The problems overseas, as we know, are both monetary and fiscal. Key elections are to take place in Greece this weekend, and like France’s recent campaign, there is little difference among the candidates and prior governance. All candidates are pro ECB (European Central Bank) yet some are "anti-bailout." I don’t know how such a position can be legitimate.  

To call a spade a shovel: too many countries in Europe lack the discipline to live within the boundaries of their own means. So in order to sustain their lifestyle, countries like Greece must rely on a redistribution of wealth from better managed countries like Germany. In Europe the wealth transfer largely runs through the ECB. To be pro-ECB and anti-bailout seems somewhat of a political oxymoron. 

And it doesn’t come without a cost.

Increasingly, European countries are agreeing to give up long-term sovereign rights in exchange for another short-term monetary bailout. To drive this point home: understand that Greek central governance is agreeing to a long-term subservient role in determining the social security of its citizens for a short-term monetary benefit. These are conditions that incubate revolutions. And why not?  

Europe is too big and diverse to be managed effectively by one body – just like American banks. In both markets, bailouts act like deodorant, covering up only the foul smell – not the foul itself. They fix nothing. They solve nothing. They’re too easy: print more money, spend it, and then worry about it later. Any benefit is temporary at best, political in the least. Solutions, on the other hand, are never easy. They require hard choices, sacrifices, and extreme effort. 

The solution to fixing the American banking system is to start with a broad based de-institutionalization (a break up of the financial industry) – and that includes making some hard decisions about Fannie and Freddie, who continue to artificially depress housing values. They do so to limit consumer debt and lending – to limit catastrophe – and to limit the need for bailouts.  

But this isn’t the way to solve the "too big to fail" problem. It stifles growth and inserts politics into home ownership. There’s no reason for that. But because Fannie and Freddie are government owned and guarantee the vast majority of all mortgages, they corrupt the mortgage market by politicizing it. That’s why hundreds of thousands of middle-class Americans can’t refinance their home mortgages while cash-buying foreign ownership is spiking (see: Foreigners Snap Up Properties in the U.S., Wall Street Journal on-line.) 
The government needs to get out of the housing market. It can’t begin to recover until then. Fannie and Freddie must be disbanded and/or entirely privatized. Again, the industry needs to get smaller, and freer.  

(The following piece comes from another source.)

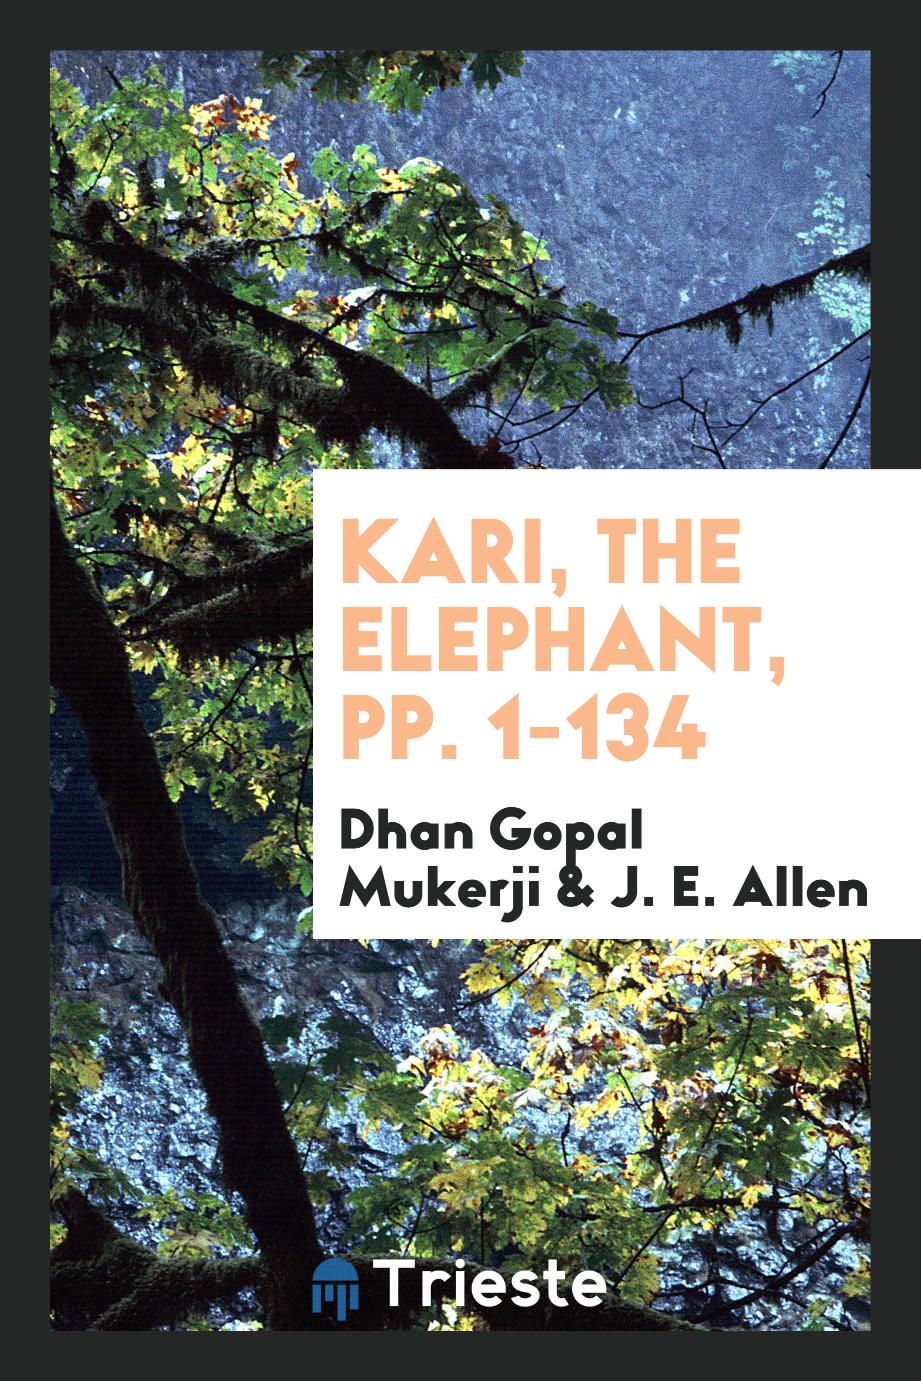 Kari, the Elephant, pp. 1-134

And like the U.S. banking system, Europe’s solution is independence (a break up of the monetary union) – a move to smaller, more competitive and responsible fiscal entities. Sadly, many countries in Europe prefer dependence, bailouts, and controlled markets, over freedom and independence – just like the American banking system.

That’s the European irony.  

None of it is good for stocks, money, or land values.